I'd arrive at unsatisfying answers every time. I'd try to talk to God about these questions, but found myself getting more and more angry, and farther away from him.  Until this week.  

This week I've found that my feelings of need are stronger than my questions.  That my anger, while still there, is more quiet than the loud and unavoidable evidence of anger that is all around me.  

And so I am forced to freely choose to believe.  To believe that God is the answer to my need and to believe that He welcomes my questions.  Sure, I've always known this.  But today I feel it.

Back on the external front, I've also surrendered.  Fine, I'm sick.  So I'll stop and rest.  I am forced to lay down and sleep, read or just stare.    I am forced to stop the hunt and rest, knowing that God has a surprise for me in my next steps, a surprise that will still come whether I send out my resume this week or not.  

Why forced?  While I can choose whatever "solution" I want, I still know that Jesus is the answer - no matter how angry at him I might be.  So, I am forced to freely rest and heal.  I am forced to freely go to God with my angry questions.  

Here is a great quote I just found...

"The symptoms and the illness are not the same thing.  The illness exists long before the symptoms.  Rather than being the illness, the symptoms are the beginning of its cures.  The fact that they are unwanted makes them all the more a phenomenon of grace--a gift of God, a message from the unconscious, if you will, to initiate self-examination and repair." - M. Scott Peck, The Road Less Traveled


Sunday, February 1, 2009

Resigned to Naivete


I've never been a mid-way kind of girl.  I dive deep.  I don't know how to do anything any other way.  I buy into the story, drink the kool-aid and then sell it.  Every - single - time.  

And every time I believe that it won't change, that the loyalty, that the commitment and the investment won't ever be lost.  And then it happens, again.

I was recently laid off from my job.  For almost two years I believed in the company's vision, gave almost all my time, and definitely all my passion to that team.  And moments after finding out, suddenly all that blood and sweat is all put into a box that goes into storage, seemingly forgotten.

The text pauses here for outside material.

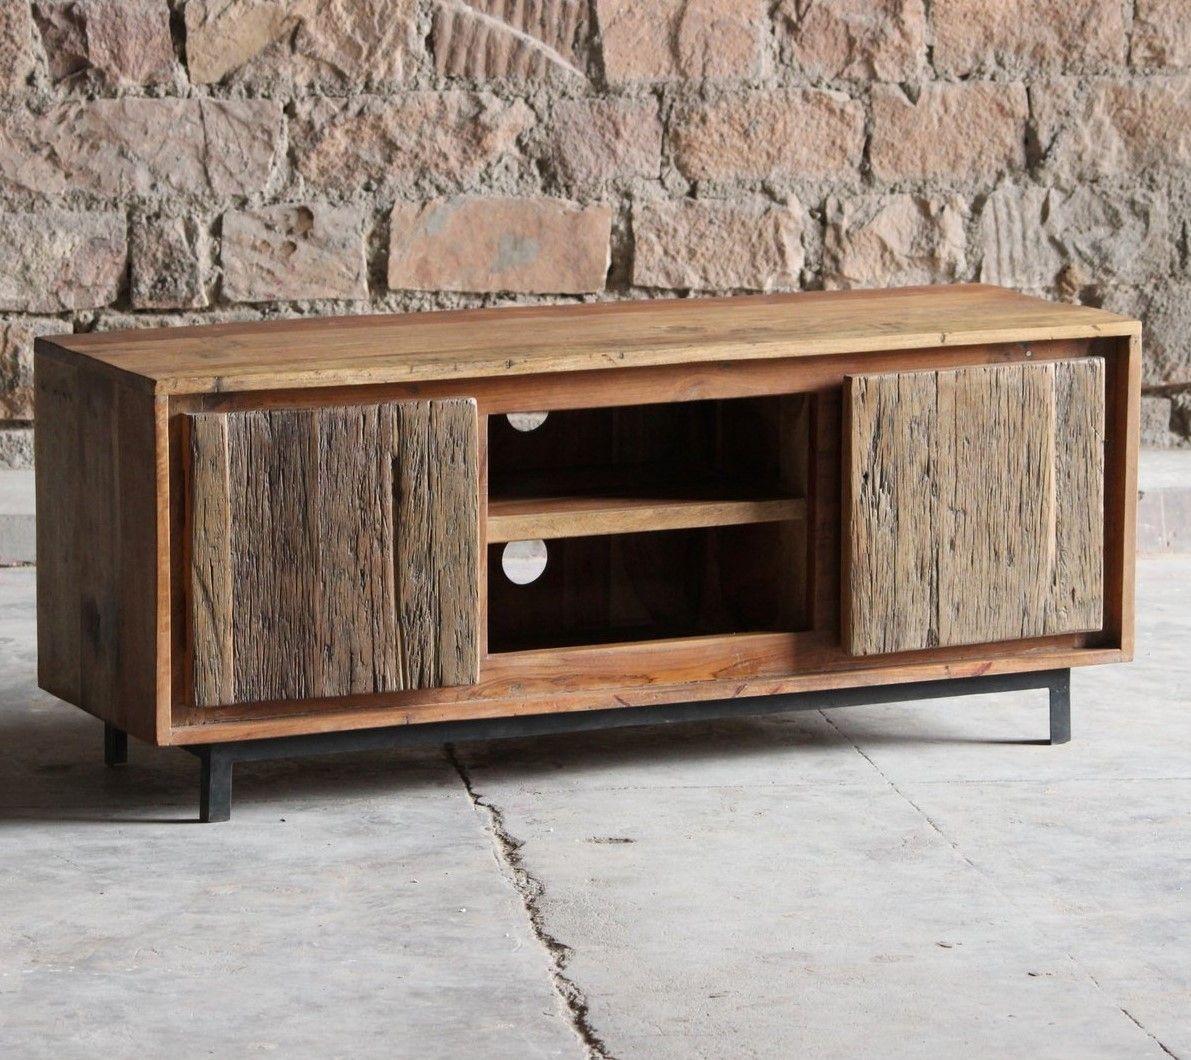 meuble tv salon industriel bois recycle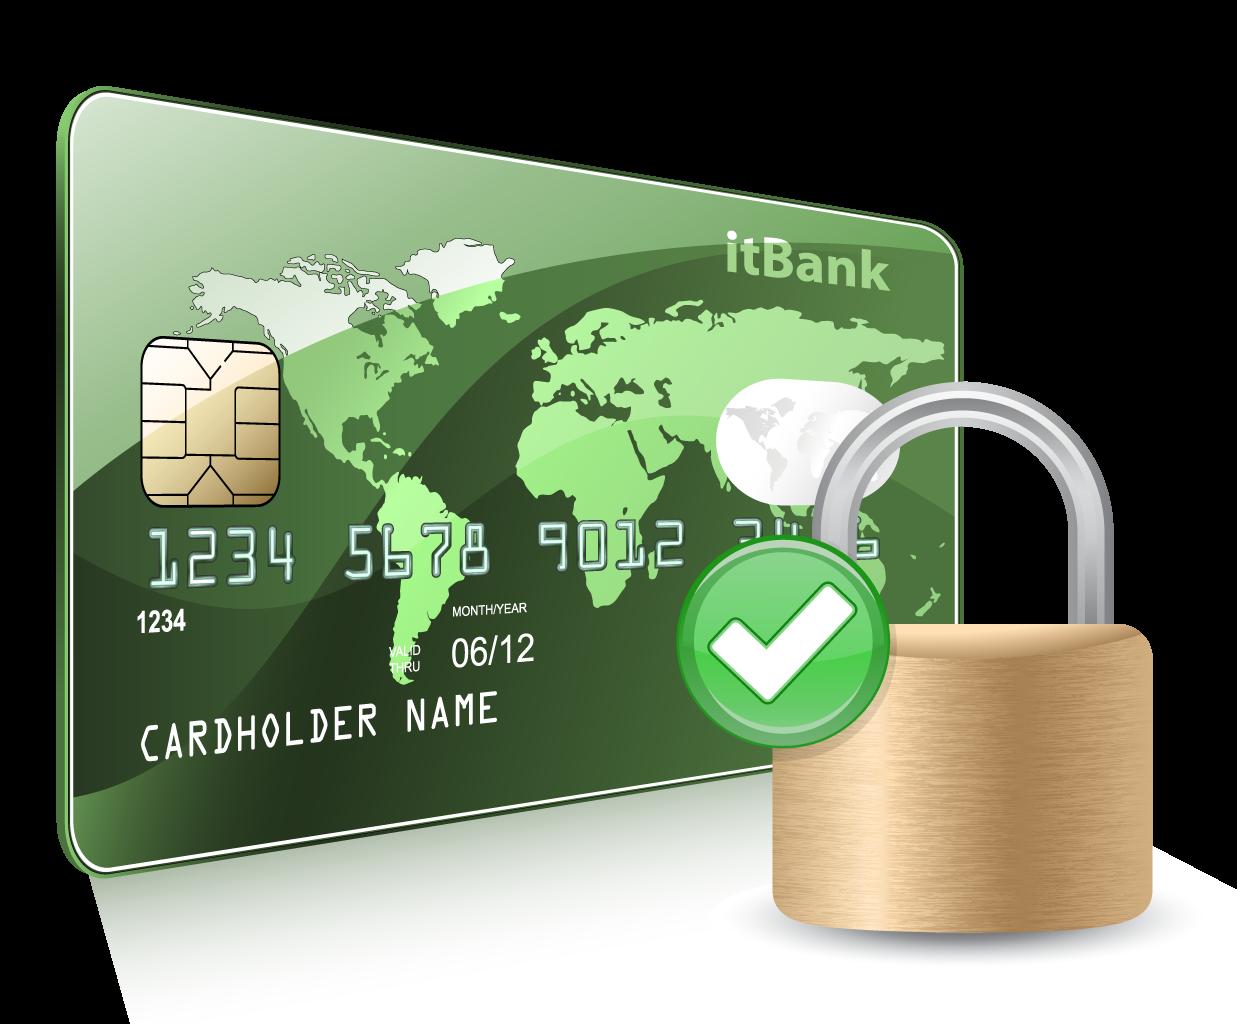 creditcard_security

I remember someone sending me this quote by John Wooden a very long time ago:  "It is better to trust and be disappointed occasionally than to distrust and be miserable all the time." 

So I'll dive deep again.  I'm probably lucky that I don't know how to do it any other way.  I'll believe that something won't ever die.  Just so I can live all of life, trust people and trust that my work always is for something, not nothing.   Sometimes naivete is best.

Saturday, January 10, 2009

My One Resolve


"I found a seat under an orange tree and opened one of the poetry books I'd purchased yesterday.  Louise Gluck.  I read the first poem in Italian, then in English, and stopped short at this line: 

Dal centro della mia vita venne una grande fontana...

"From the center of my life, there came a great fountain..."

- Elizabeth Gilbert's "Eat Pray Love".

Italy, here I come.

Wednesday, January 7, 2009

Huh?


How do you be strong, build relationships and get things done at work all at the same time?

Does building working relationships require a softness and intuition that only certain personalities have?

Do you need to be goal-free in conversations to show you care?